PART 2: Appropriation of watermarks

Point A: Appropriation of techniques that were historically used to append imprints able to grant marks of quality and acknowledgment are now readjusted.
Argument 1 : Watermarking as an aesthetic enhancement, a mark of quality to a user imprint.
Watermarks in libraries and archives
Watermarks in the publishing business
Argument 2 : Library stamps providing a body of evidence for determining both the circumstance and date of acquisition, questioning on ownership and acquisition.
Library stamps in libraries and archives
Stamps in the publishing business

Point B: Tactical Watermarks

1 — Adding memory to a medium
2 — As a means to expression
3 — Watermarks to obscure
4 — Signatures
5 — Display of solidarity
6 — Sensorial Augmentation

Research focus

Examine the repercussion of publishing businesses creating body of evidence against downloaders and how it is opposed to the idea of libraries as a place to access knowledge and to create a community. I will explore what strategies can be reappropriated from watermarks to add provenance to different media. How can we reuse them? What opportunities arise? What modes of address can be formed?

Summary

In this chapter, I will start by addressing how language and techniques from libraries and archives were appropriated by commercial distribution channels as a way to create accountability for users who illegally download, distribute and make available copyrighted material. This is done by leaving imprints like the user geolocation, IP addresses, mac addresses, email addresses, etc. Sharing copyrighted material is easy and one can even do it without acknowledging it. Publishers started to set strategies to limit access to illegal copies. Focused on watermarking in the realm of publishing I will explore what services create and append them. What traces can be left? What kind of information can we spot? Is there any impact on platform users that are constantly reminded that a book has DRM?
I will finish this chapter delving into different strategies on how the process of adding stains can be twisted and revived while commenting about their power to infiltrate, either against social structure, as a way to create relations and communities, augmenting the sense of solidarity, as user signatures, as a way to obscure previous watermarks, for sensorial augmentation and marks of quality.

BODY (3500 words)

SORTING IMPRINTS (1500 words)

Background on Watermarking

The internet as a carrier of digital media changed how we share music, books, video and other media. The integration of digital watermarks is becoming more and more popular to fight the fast-paced spaces opened to share pirated material. The research on watermarks is currently being shaped to strengthen watermarks, embedding robustness with respect to compression, image-processing operations, and cryptographic attacks (Shih, 2017). We now understand watermarks as being both digital and physical but they are not new phenomena and it is relevant to understand where they come from.

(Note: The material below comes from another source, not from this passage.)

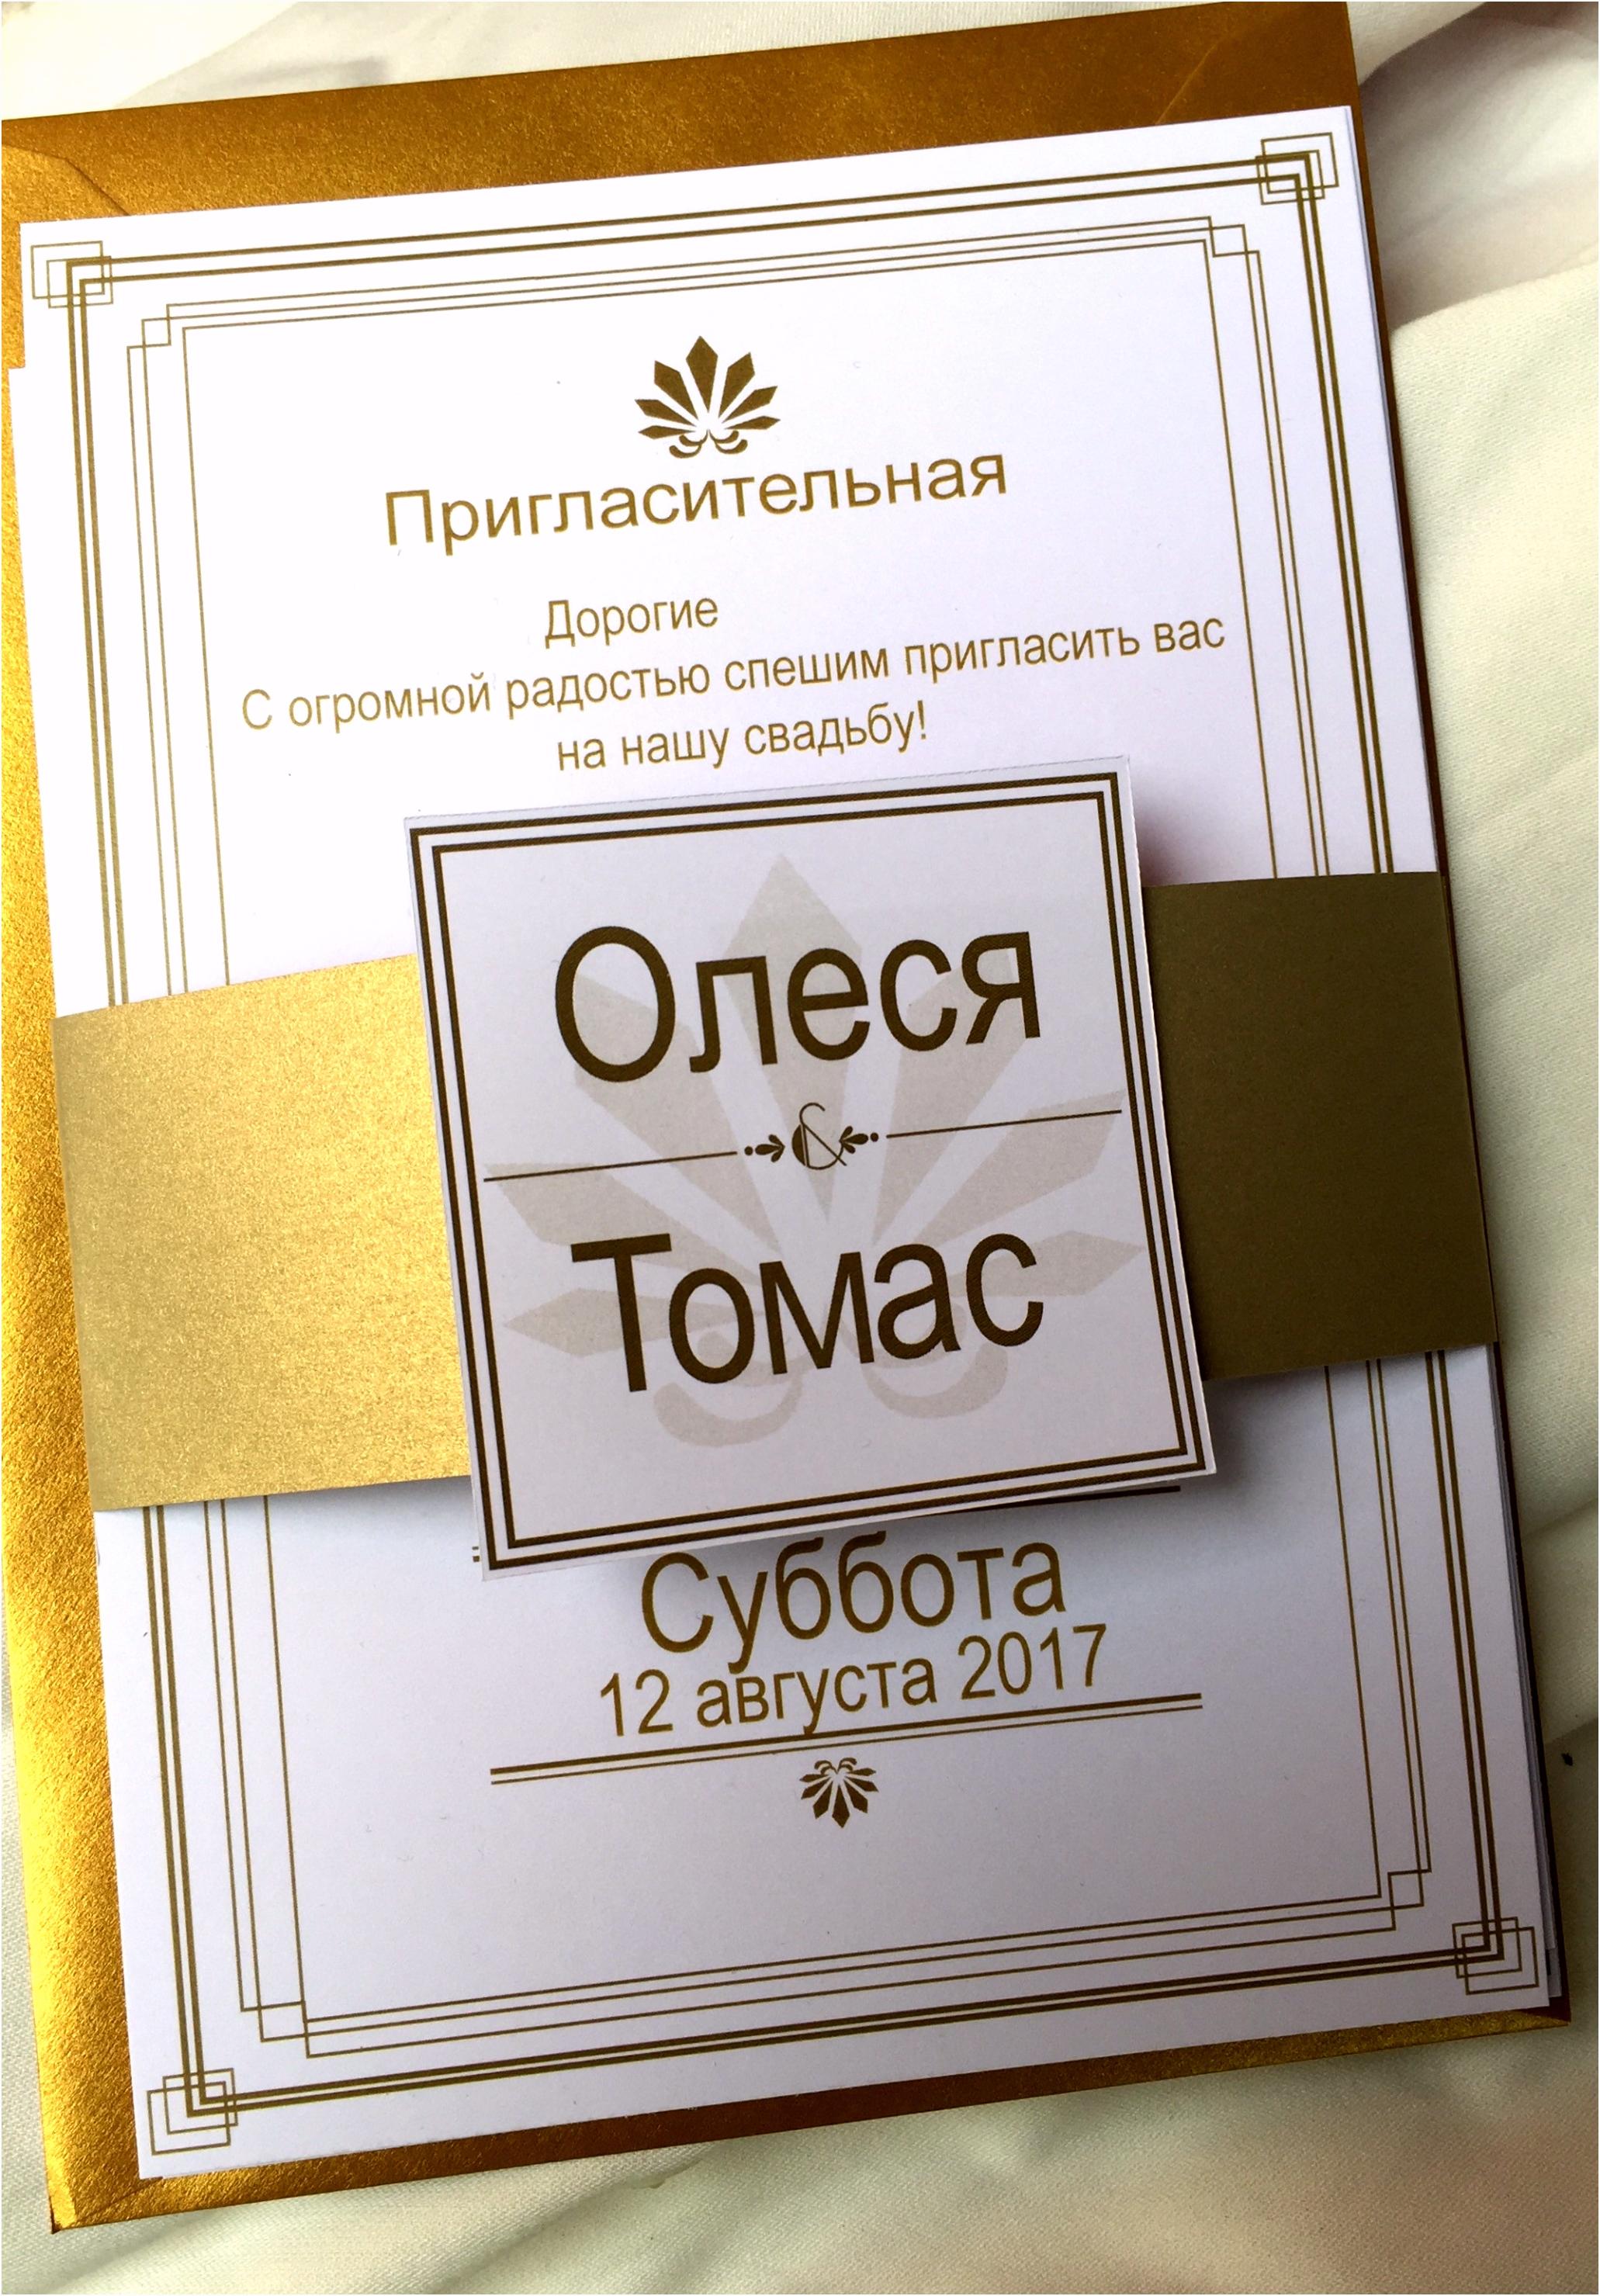 Einladung Hochzeit Marchen Hochzeit Einladung Ablauf Einladung

The art of papermaking has its roots in China in the 1st Century. The process was first documented in China on 105 A.D. and ascribed to Cai Lun (Basbanes, 2014). Watermarks only appear later in 1282, we trace their beginning in the town of Fabriano (Hunter, 1987). It is important to acknowledge the historical importance of the Italian city of Fabriano. From the name "Fabriano", in Latin "faber > Făbrĭcĭus", meaning “craftsman, artificer, maker” (Latin Dictionary and Grammar Resources - Latdict, n.d.). We can retrace how these practical skills in forging metal and shaping wire were key to building the frames and to start making the first sheets of paper. The process of watermarking then happens while making a sheet of paper whilst the paper is still wet. Watermarks are a result of changing the thickness of a certain part of the paper which would create a highlighted area and its shadow.

The history of watermarks is still relatively obscure. We are not able to fully trace back their ancient significance. A few different theories have been discussed on what was the actual purpose and use of these venerable watermarks. One that I came across with was to help with the production of the sheets of paper. Using them as a way of identifying the size of the frames and the sheets of paper produced by these. (Hunter, 1987)

Another hypothesis is that the craftsmen that were working in the production of the paper were illiterate. Watermarks were then a strategy of appealing with pictures or symbols. This way to communicate an idea would lead to a smaller chance of creating misunderstandings. It is also possible that in parallel these may be an artistic production of the papermakers, a way to identify themselves. "Watermarking originally might have been intended as an aesthetic enhancement, a mark of quality, or a proprietary mark for the papermaker or the wealthy donor or client." (Watkins, 1990) The first applications of watermarks compel all of this, but they can also be no more than a fashionable imprint left by the artists making the frames.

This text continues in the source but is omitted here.